RECORDED INFORMATION:
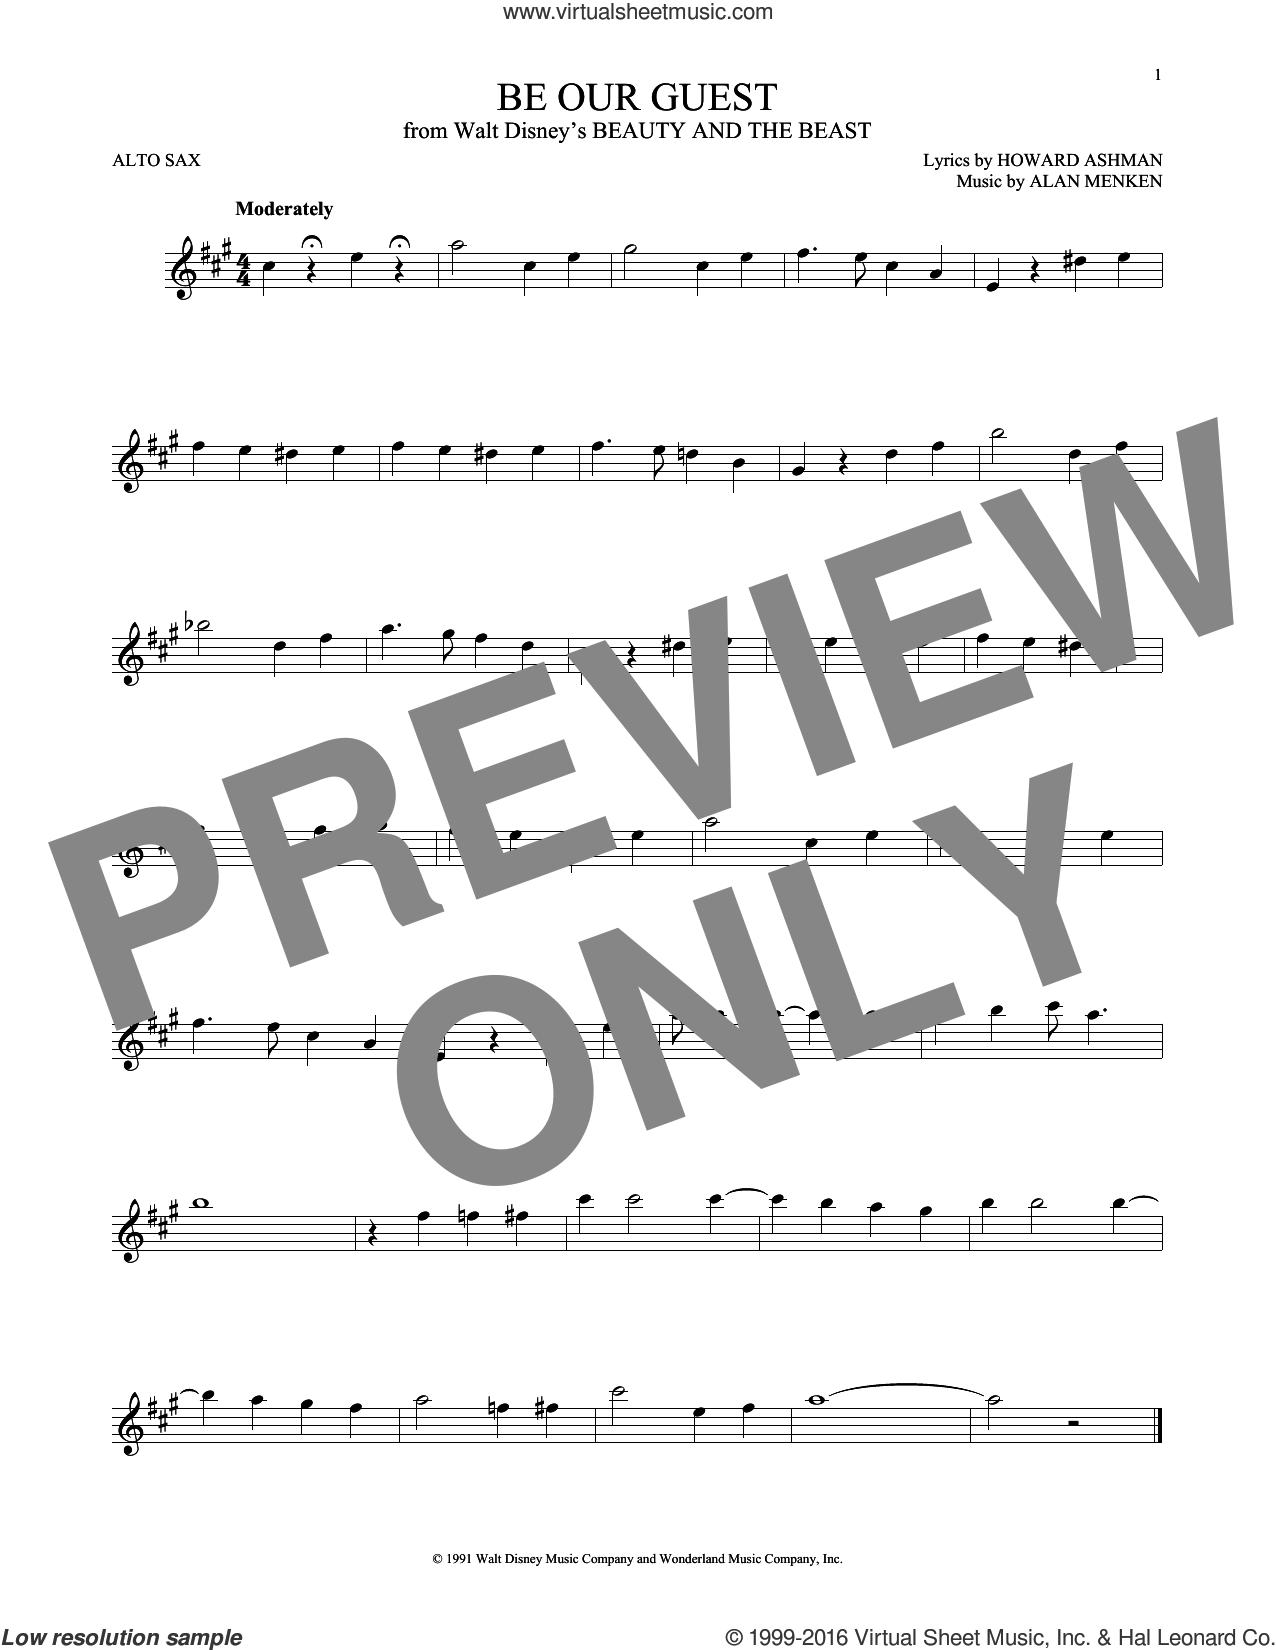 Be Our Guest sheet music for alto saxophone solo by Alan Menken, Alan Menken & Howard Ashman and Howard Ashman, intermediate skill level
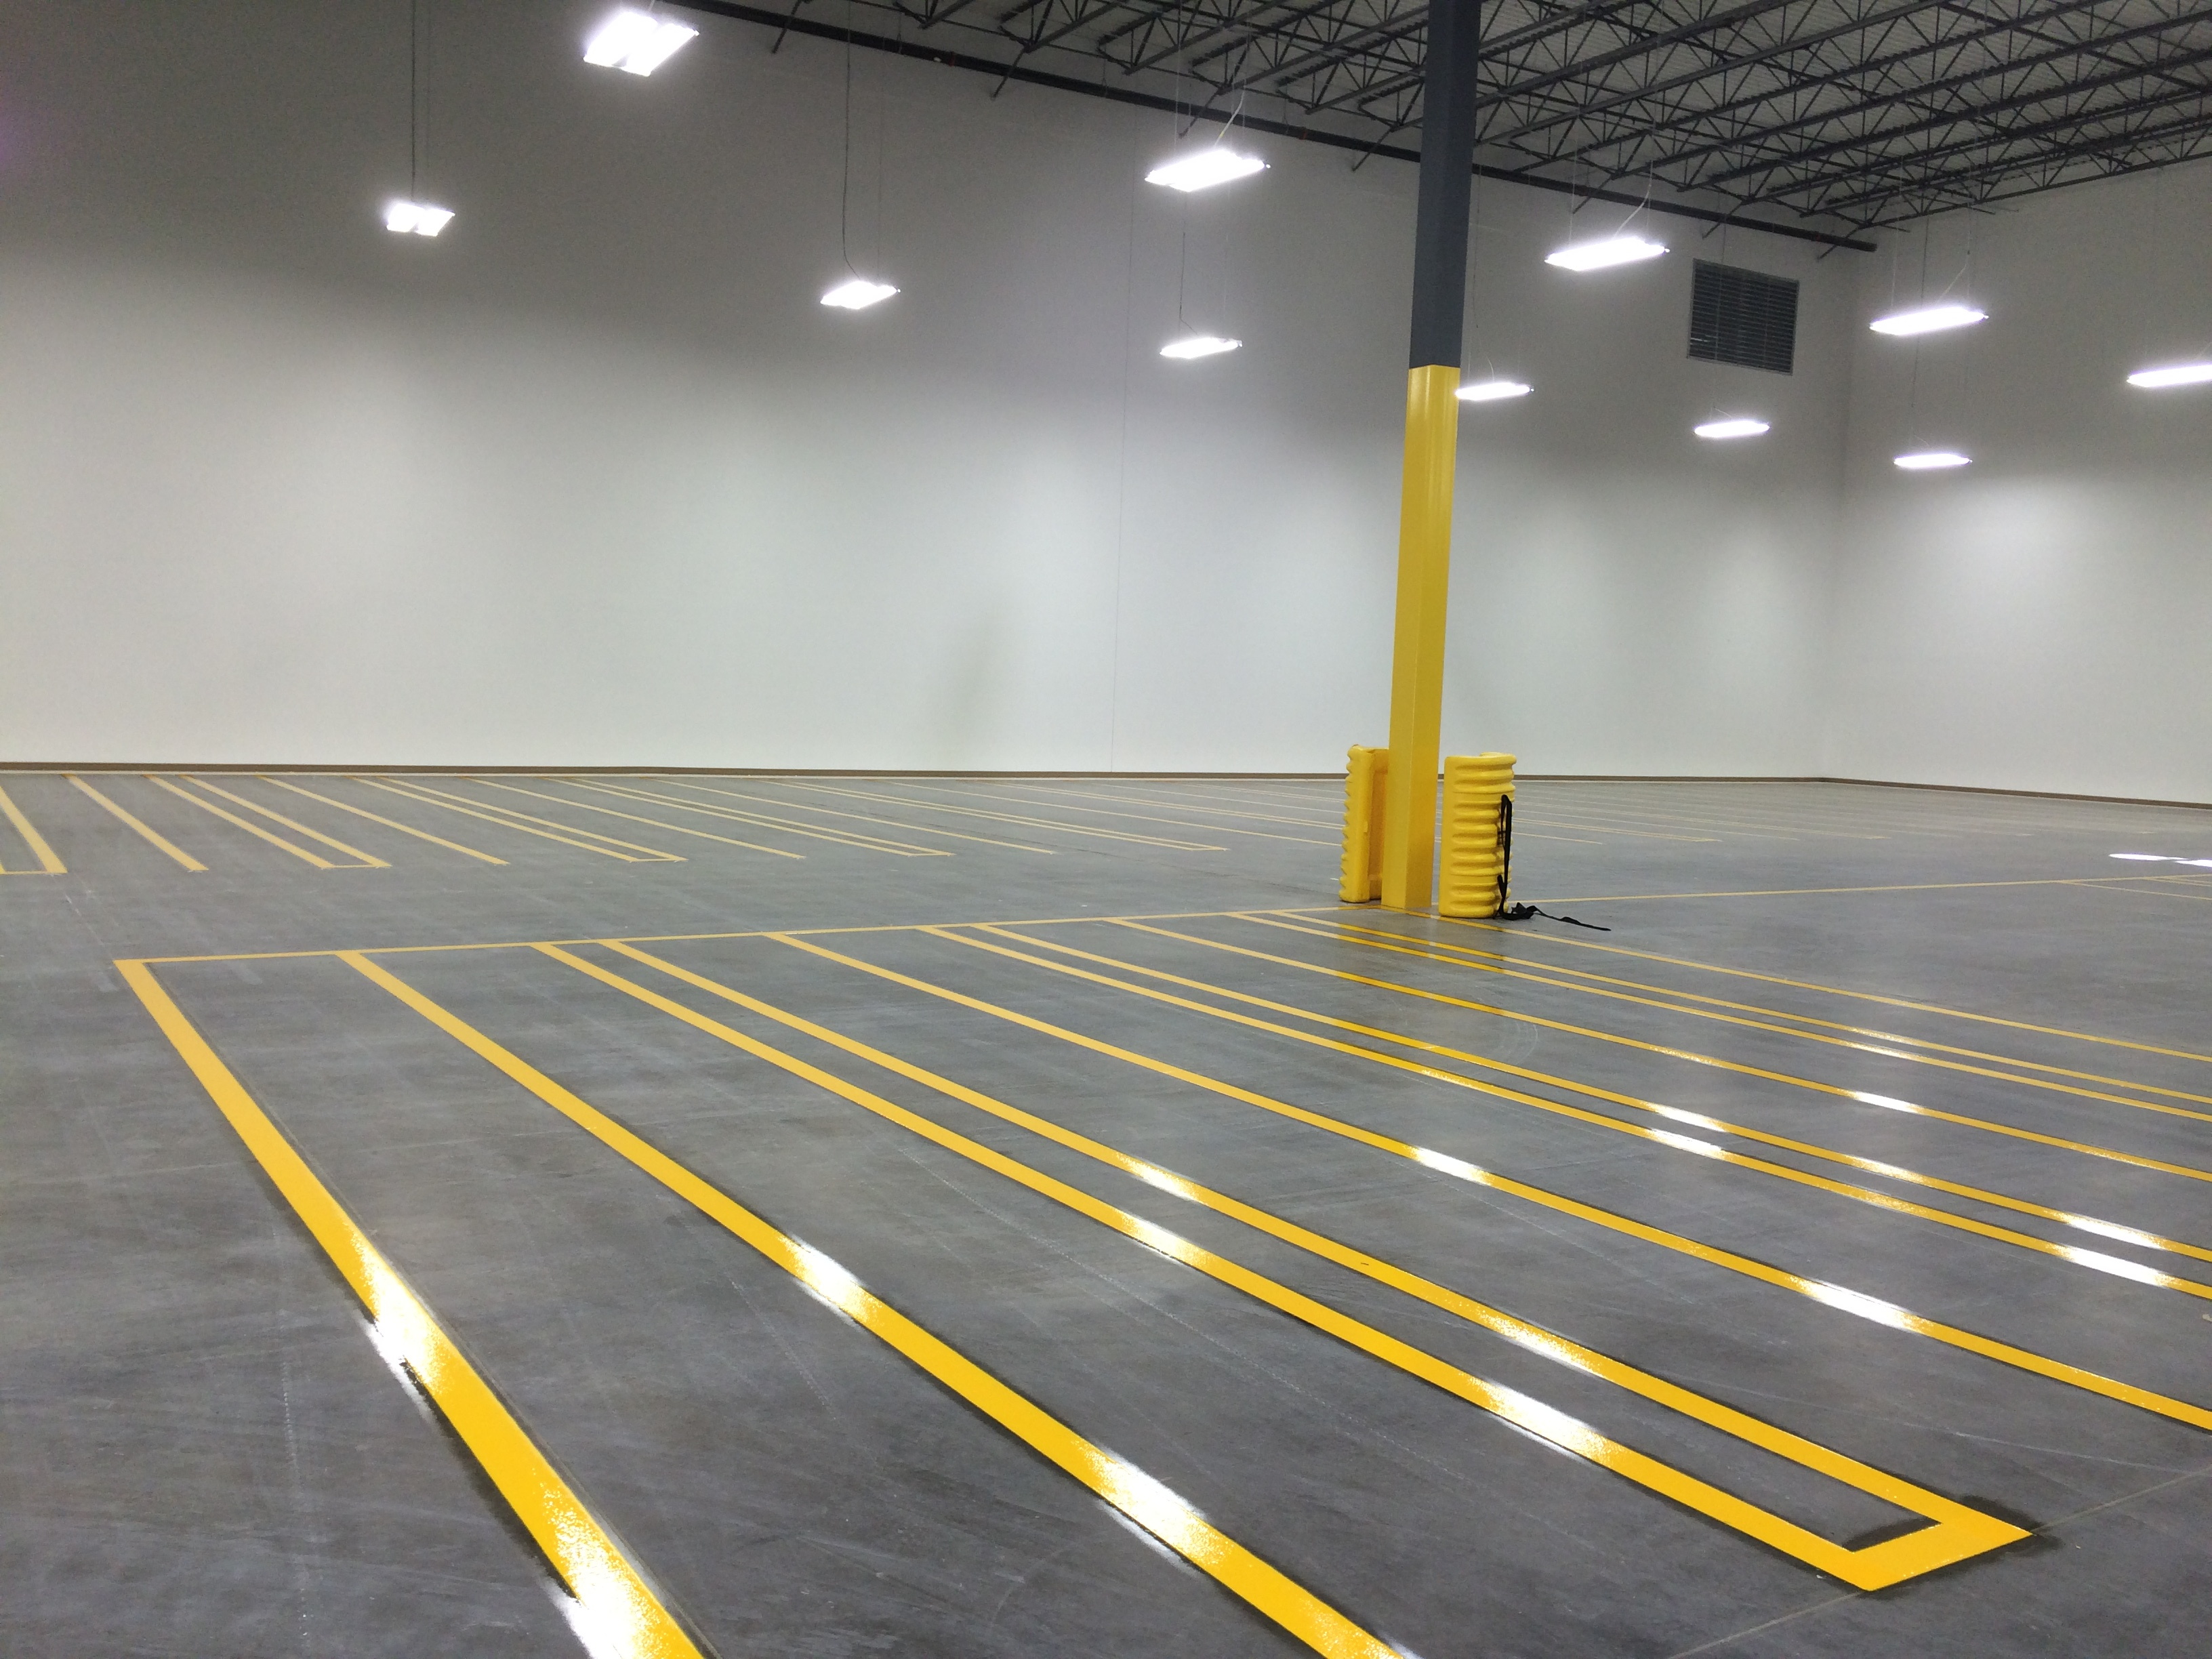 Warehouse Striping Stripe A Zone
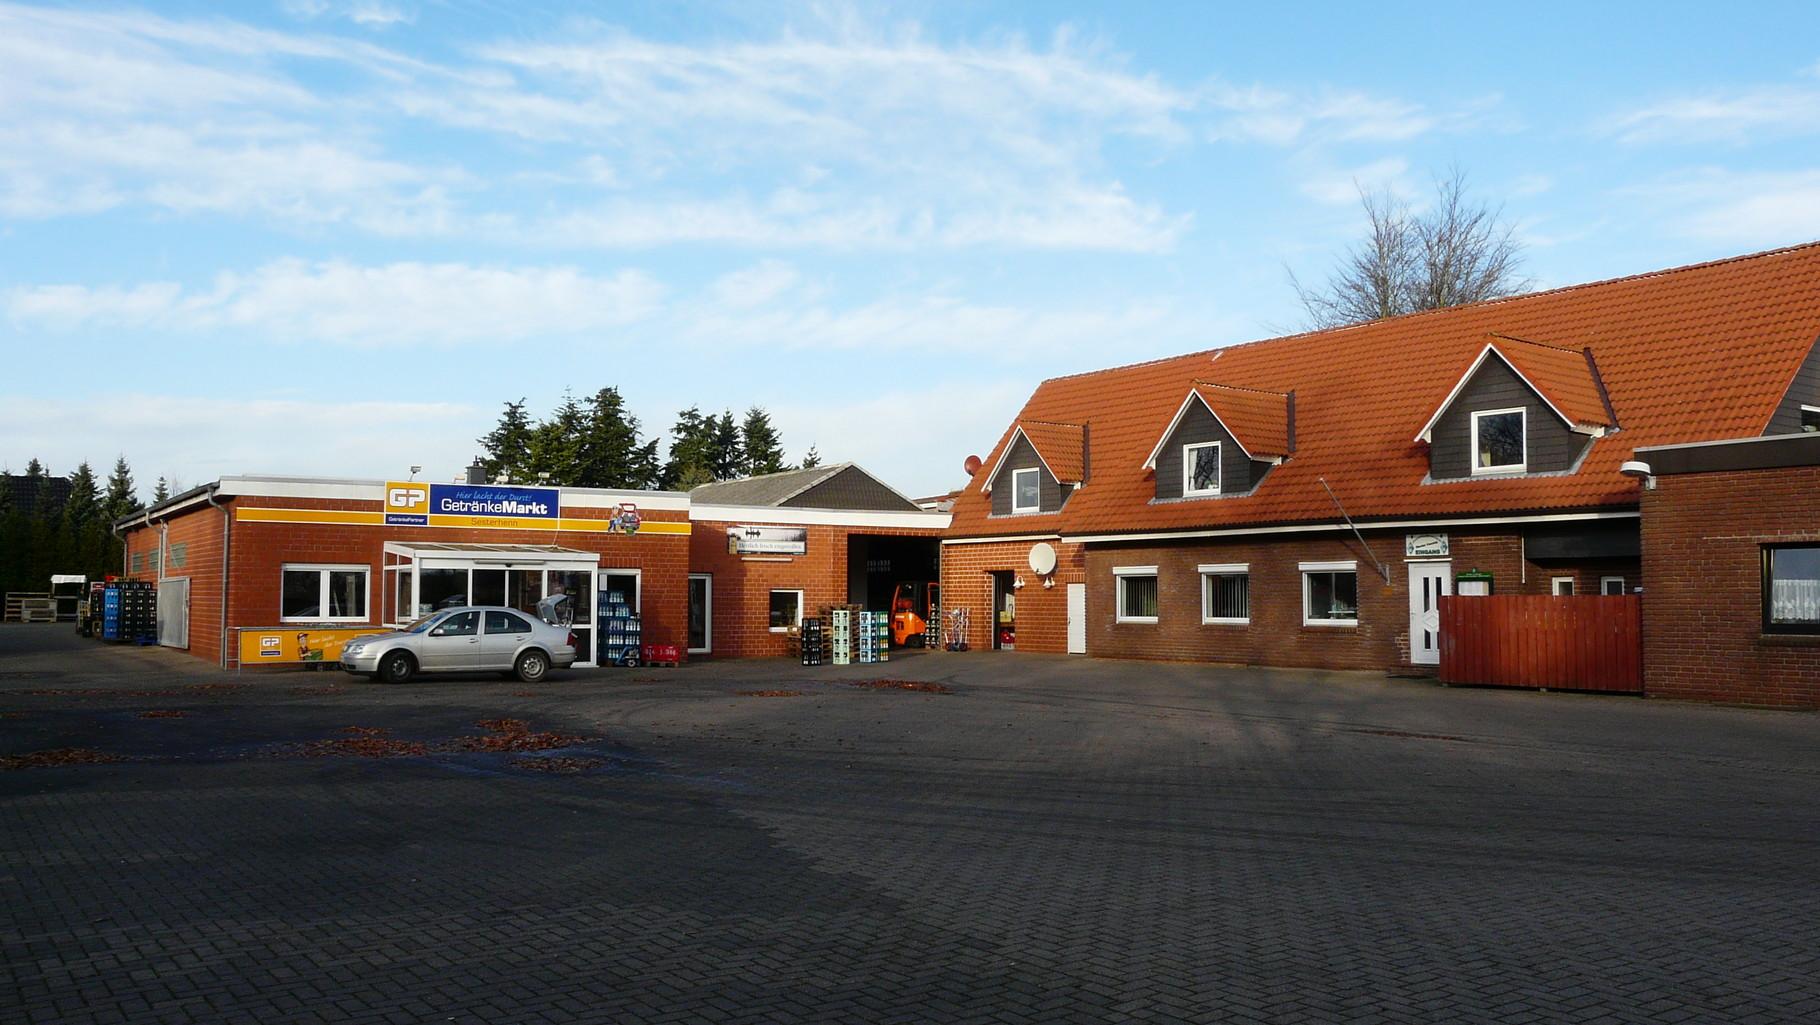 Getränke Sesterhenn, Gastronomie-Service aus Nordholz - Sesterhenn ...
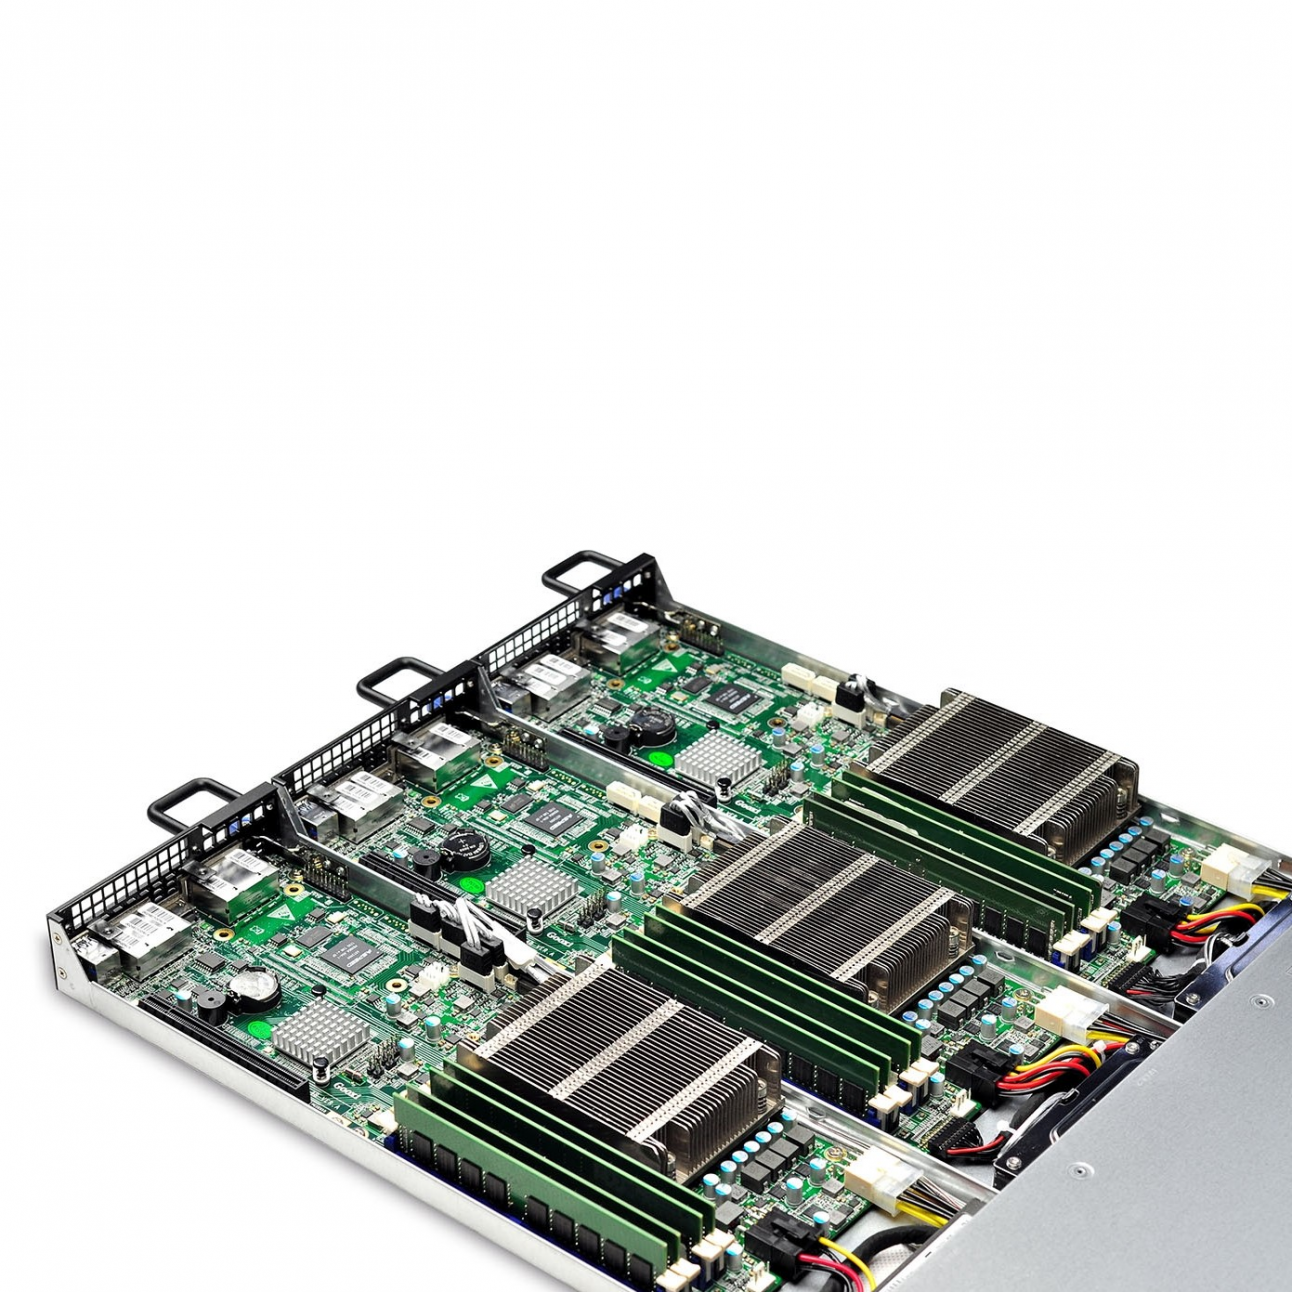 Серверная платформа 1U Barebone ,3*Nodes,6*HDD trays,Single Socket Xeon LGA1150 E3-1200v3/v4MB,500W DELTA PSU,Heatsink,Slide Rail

WORK TO BE COMPLETED: Could you reproduce exactly the lines running from the one with "Getränke Sesterhenn, Gastronomie-Service" through the final line of the listing above, both included, and drop the pictures?

FINISHED EXERCISE:
 Getränke Sesterhenn, Gastronomie-Service aus Nordholz - Sesterhenn ...
 Серверная платформа 1U Barebone ,3*Nodes,6*HDD trays,Single Socket Xeon LGA1150 E3-1200v3/v4MB,500W DELTA PSU,Heatsink,Slide Rail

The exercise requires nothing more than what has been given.